Los incentivos para el régimen son nítidos: hacer posible una normalización del Estado de derecho y encaminar la transición tiene como premio la no persecución por la constelación de investigaciones judiciales que pesan sobre los conductores del chavismo y sobre las que gravita la sombra del operativo militar que sacó a Maduro del poder. Otro incentivo es la subsistencia futura del chavismo como proyecto político en un momento de transición política. Como contexto, los aliados internacionales del chavismo han desaparecido como jugadores fuertes de la región, en parte por sus conflictos internos (Rusia e Irán en guerra, Cuba en crisis), y en parte por la avanzada de Estados Unidos en toda Latinoamérica y el Caribe.
El segundo escenario se mantiene probable salvo que Venezuela colapse en su totalidad: la persistencia del aparato represivo chavista bajo nuevas formas o máscaras.
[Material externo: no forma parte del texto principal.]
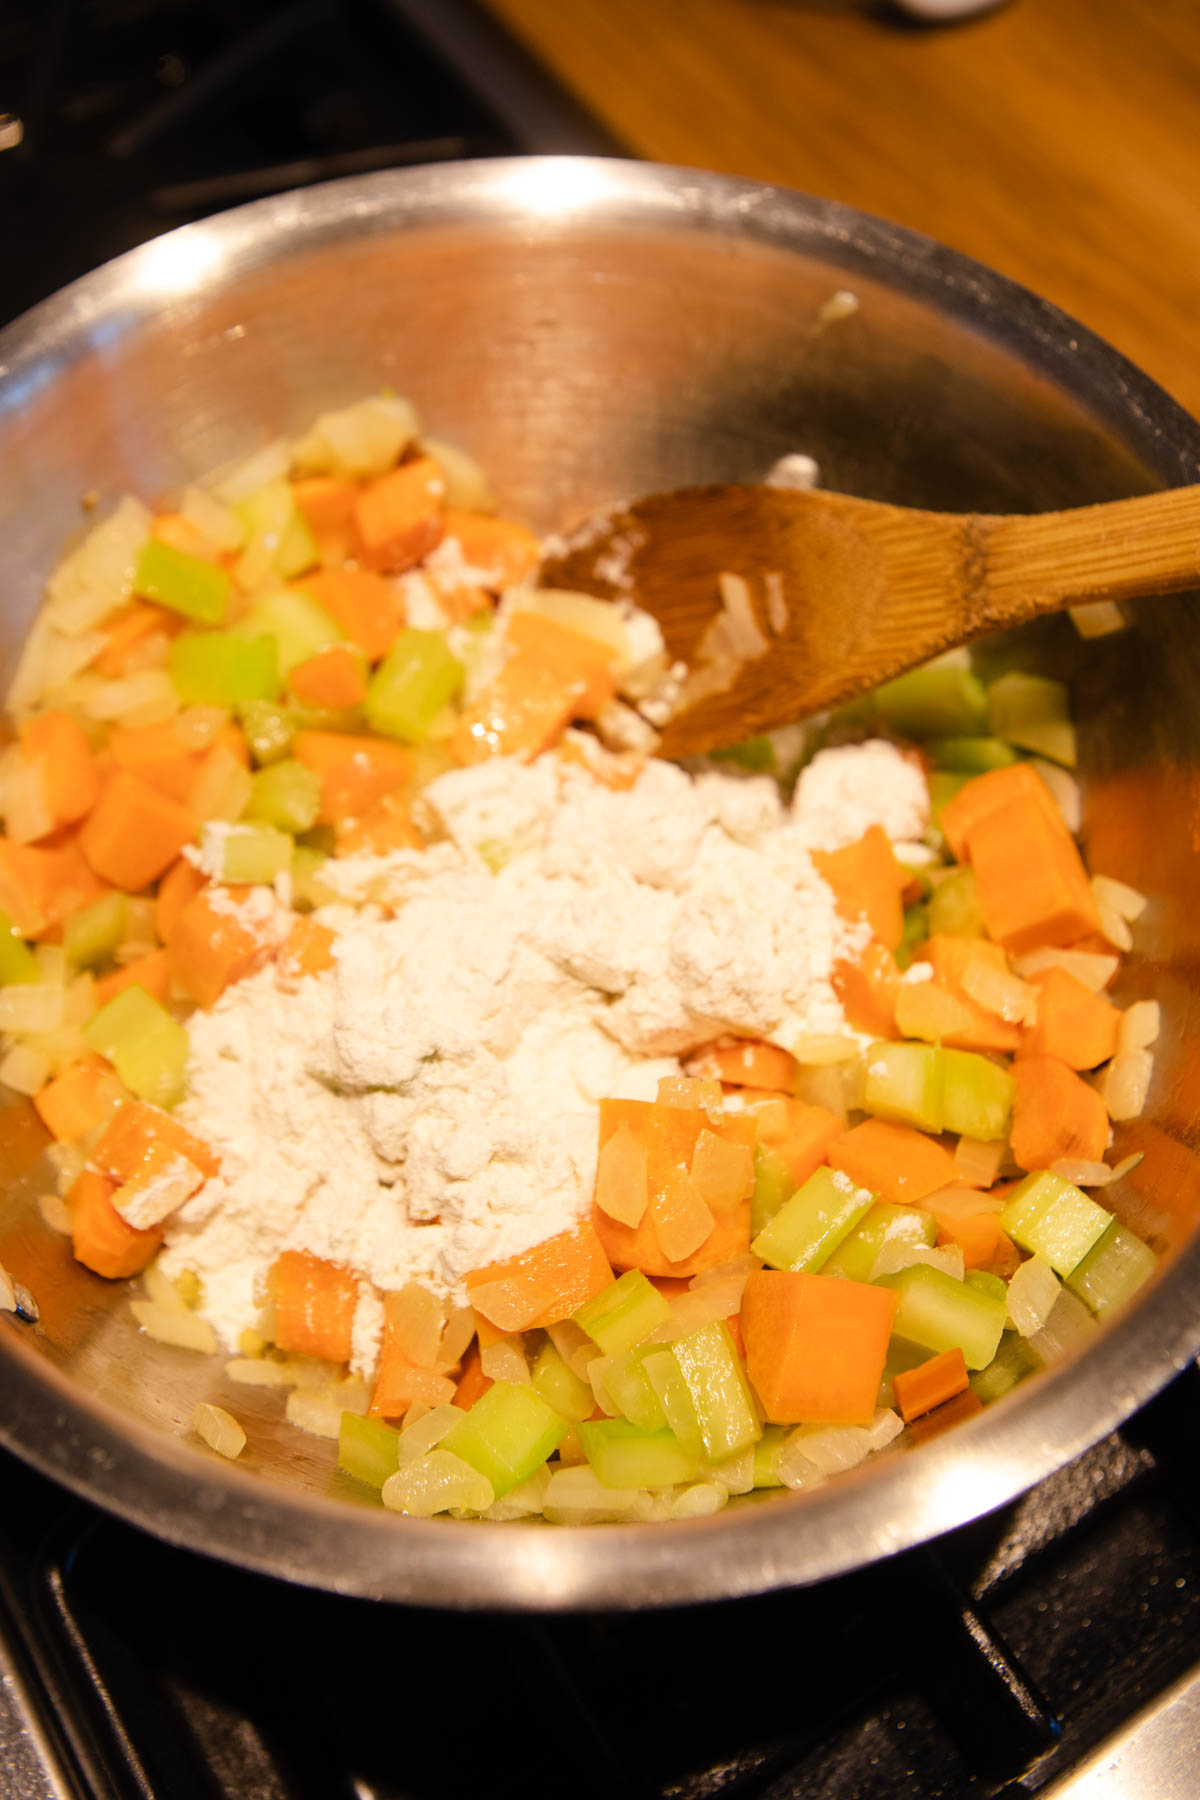 flour added to a sauce pan filled with carrots, celery and onions

Los anuncios de reforma quedarían en gestos simbólicos, podrían excarcelar presos puntuales y centros notorios como El Helicoide, pero manteniendo la maquinaria básica de control. Figuras como Diosdado Cabello siguen moviendo los hilos. La inteligencia estatal podría mutar en estructura más discreta pero igualmente intimidante, con espionaje selectivo y campañas de miedo encubiertas. La historia reciente del chavismo muestra un patrón de puerta giratoria, donde tras liberar a algunos presos, el régimen detiene a nuevos críticos para mantener un saldo de miedo. El discurso de reconciliación de la presidenta encargada sirve de fachada mientras el pulpo se regenera.
¿Ha cambiado entonces el sistema de represión venezolano con Delcy Rodríguez? Sí, hay cambios: el régimen ha derribado símbolos ominosos y ha aliviado algunas cargas con la amnistía. Pero el aparato represivo no ha sido desmontado y sigue funcionando. Mientras tanto, la sociedad y sus espectadores internacionales mantienen la incertidumbre para no dejarse engañar por cambios cosméticos.